5. The method for controlling the amount of adhesive used in corrugated cardboard based on industrial manual system optimization as described in claim 1, characterized in that, The environmental data is analyzed using machine learning algorithms to determine the relationship between humidity adjustment needs and temperature control needs. If the humidity adjustment needs are higher than the temperature control needs, a humidity adjustment command is prioritized, including: The environmental data is input into a machine learning analysis model, which assesses the importance and calculates the demand intensity of the humidity and temperature components in the environmental data to obtain humidity adjustment demand index and temperature control demand index.

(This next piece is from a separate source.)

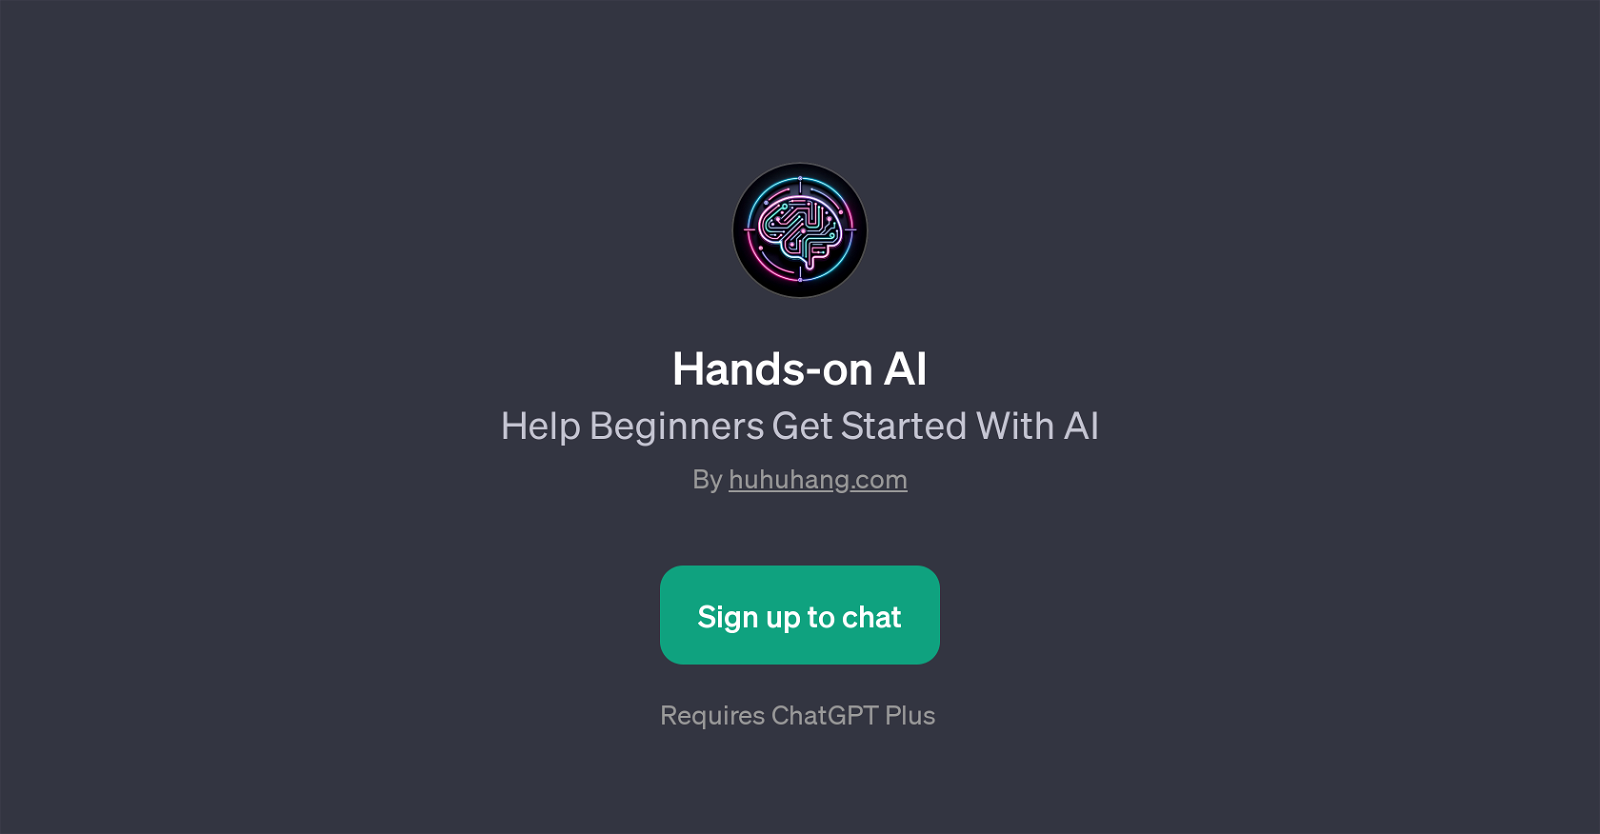 Hands-on AI website
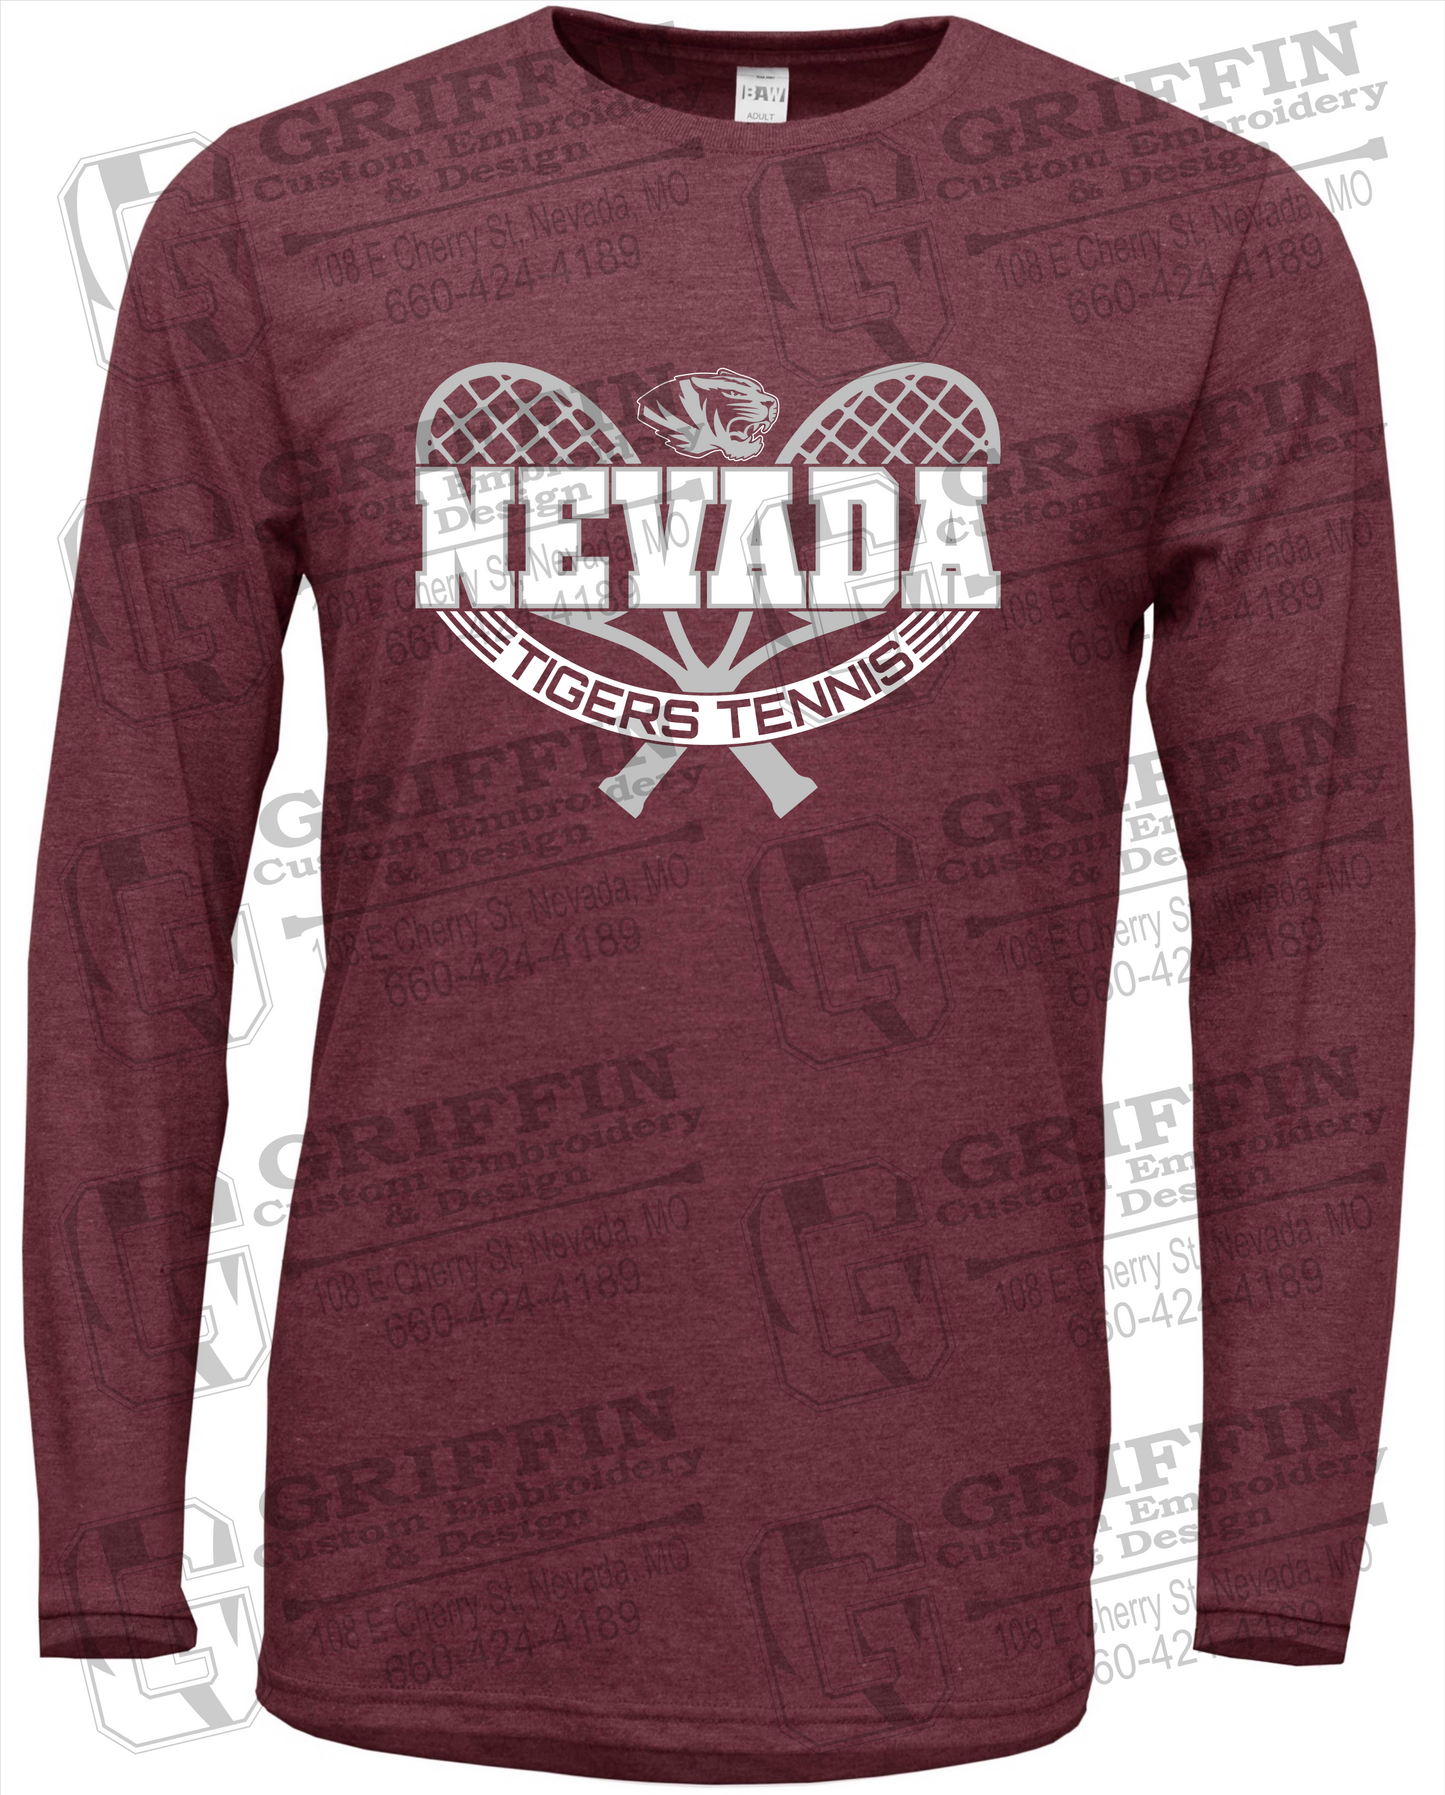 Soft-Tek Long Sleeve T-Shirt - Tennis - Nevada Tigers 21-Y

When the humidity adjustment demand index is higher than the temperature control demand index, the humidity adjustment instruction is generated first.

6. The method for controlling the amount of adhesive used in corrugated cardboard based on industrial manual system optimization as described in claim 1, characterized in that, The step involves obtaining the current humidity value based on the humidity adjustment command, optimizing the adjustment path using an evolutionary algorithm, and obtaining a supplementary temperature control command, including: According to the humidity adjustment command, the current humidity value is extracted from the substrate monitoring system and used as the initial condition to input the evolutionary algorithm. The evolutionary algorithm iteratively optimizes the adjustment path through population initialization, fitness evaluation, crossover mutation and selection operations. During the optimization process, the temperature control supplementary command for supplementary adjustment is generated simultaneously.

7. The method for controlling the amount of adhesive used in corrugated cardboard based on industrial manual system optimization as described in claim 1, characterized in that, The coating optimization process, based on the temperature control supplementary command and environmental adjustment mechanism, determines whether the coating optimization indicators meet preset thresholds. If they do, operation optimization feedback is generated to determine the final adjustment plan, including: The coating optimization process is executed by combining the temperature control supplementary command with the environmental adjustment mechanism. The optimization indicators during the coating process are monitored in real time, and the optimization indicators are compared with preset thresholds. If the optimization indicators meet the preset thresholds, the operation optimization feedback is generated. The operation optimization feedback is used to integrate the various control results to form the final adjustment scheme.

8. The method for controlling the amount of adhesive used in corrugated cardboard based on industrial manual system optimization as described in claim 1, characterized in that, The step of obtaining micro-control updates from the final adjustment scheme, transmitting them to the intelligent optimization network, and obtaining the overall operation optimization result includes: Micro-control updates for equipment and environment are extracted from the final adjustment scheme, and the micro-control updates are transmitted to the intelligent optimization network. The intelligent optimization network performs global integration and verification of the micro-control updates and outputs the overall operation optimization result characterizing the overall coating process optimization.